Generally speaking, implementing preventative controls that consistently enforce least privilege will help buy an organization invaluable time; frustrating the attackers to the point of forcing their hand to use methods and techniques that will expose their presence.
The sophistication of this attack was referenced a number of times. The SolarWinds attackers were extremely careful not to raise traditional red flags, which made the attack (and its reach) harder to detect and determine. They leveraged U.S.-based infrastructure, which allowed them to avoid immediate detection. Additionally, they impersonated users with specific access and avoided the use of domain admin access to further decrease the chance for detection.

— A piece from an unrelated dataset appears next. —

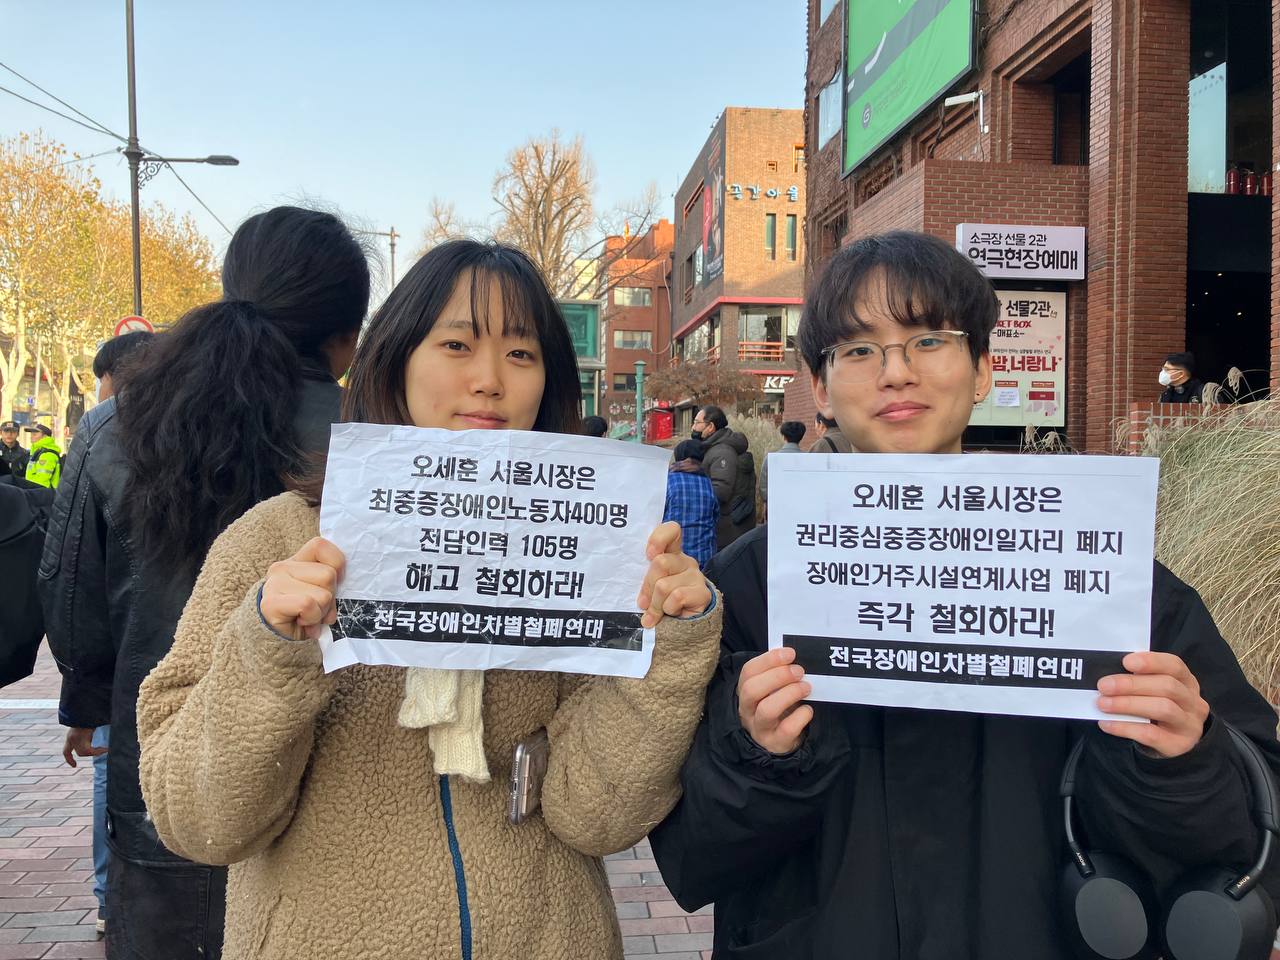 사진2. 서울인권영화제의 고운, 두부가 서울시의 차별 행정을 규탄하는 피켓을 각각 들고 있다.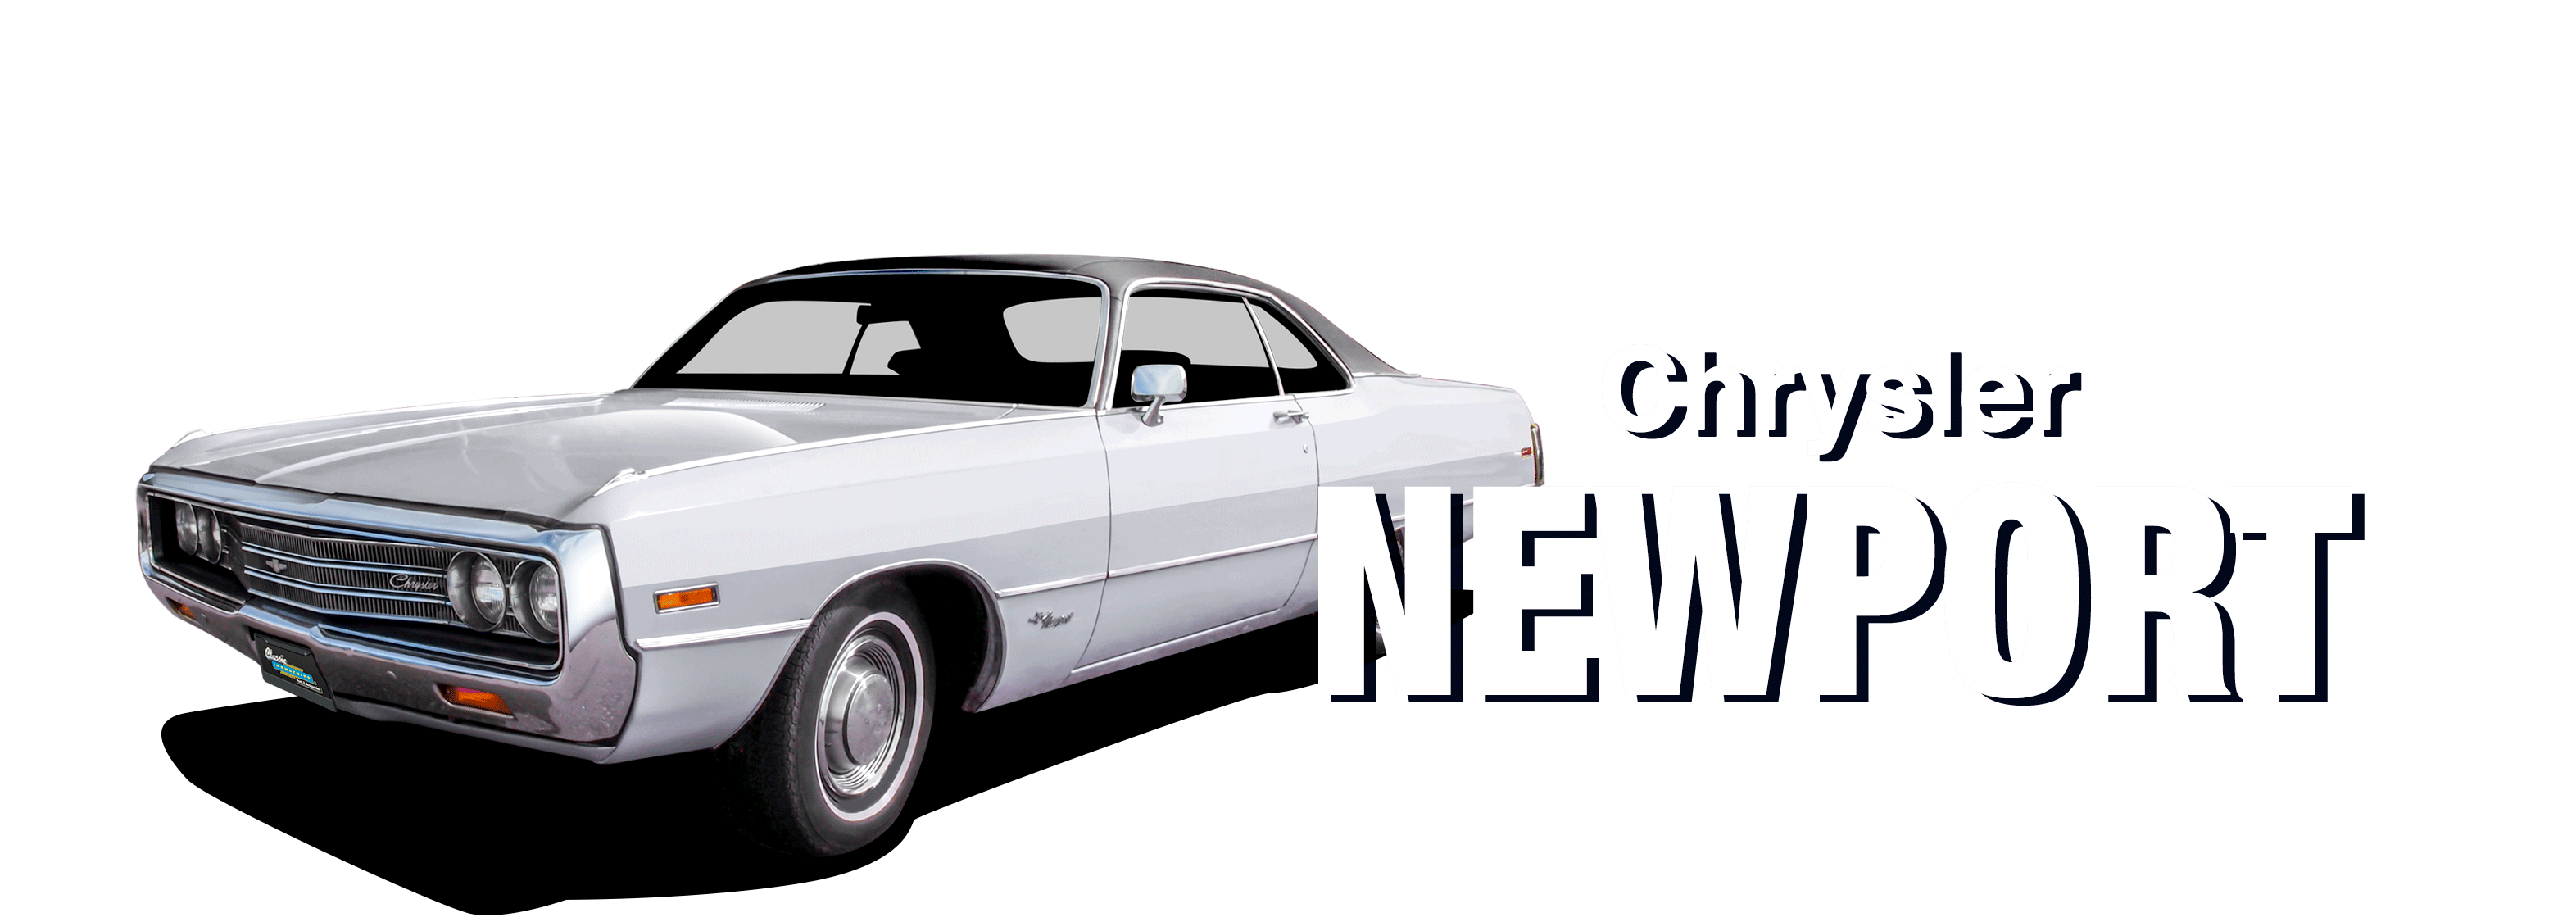 1950-1978 Chrysler Newport

The hearing brought to the surface the need for a higher levels of security and cooperation across the public and private sectors, and a call for encouraging greater transparency regarding cyber attack reporting. The hearing made it clear a confidential disclosure program would both protect a company’s reputation and improve cybersecurity at the federal and private level.
A step in the right direction, just a few days before the hearing, the government announced sweeping executive action. Anne Neuberger, deputy national security advisor for cyber and emerging technology, said in a White House press briefing that the government is “working on close to about a dozen things. Likely, eight will pass to be part of an upcoming executive action to address the gaps we have identified in our review of this incident.”
Cyber Hygiene for All
SolarWinds shed light on the far-reaching impacts of supply chain attacks, and the need for a proactive approach to security. By adopting an “assume breach” mindset, government agencies and private organizations can enforce multiple layers of security – to reduce the greatest amount of risk. This approach, referred to as “Defense In Depth,” is based on Zero Trust principles. And it comes down to three things:
1. Working to make sure your organization’s own internal infrastructure is secured, and that attention is focused on preventing attackers from reaching their end-goals. This includes securing access to Tier0 systems.
2. Protecting development environments – including the CI/CD pipeline, which was the critical first phase of the SolarWinds attack. Some important proactive steps include validating the integrity of all code and builds, securing access to highly privileged pipeline orchestrators and infrastructure managers – and enforcing just-in-time access policies in these highly automated environments.
3. Focusing on bolstering the security of customer-facing products and services, with a critical eye on the security practices and stability of digital supply chain partners.
It’s clear, as part of the testimony that came out of the hearing, it’s hard to fully stop an attack of this precision and scale – but an “assume breach” mindset will enable organizations to become vigilant and hyper focused on addressing weaknesses and vulnerabilities that exist within their IT environment, especially the areas that provide access to critical systems and infrastructure (i.e. privileged access).
“Zero Trust” and “least privilege” may still seem like buzzwords to some, but in the wake of this hearing they will continue to be the impetus behind a push for stronger security protocols, more transparent communication between private organizations and the federal government – and, ideally, more effective ways to mitigate the risks of large-scale attacks.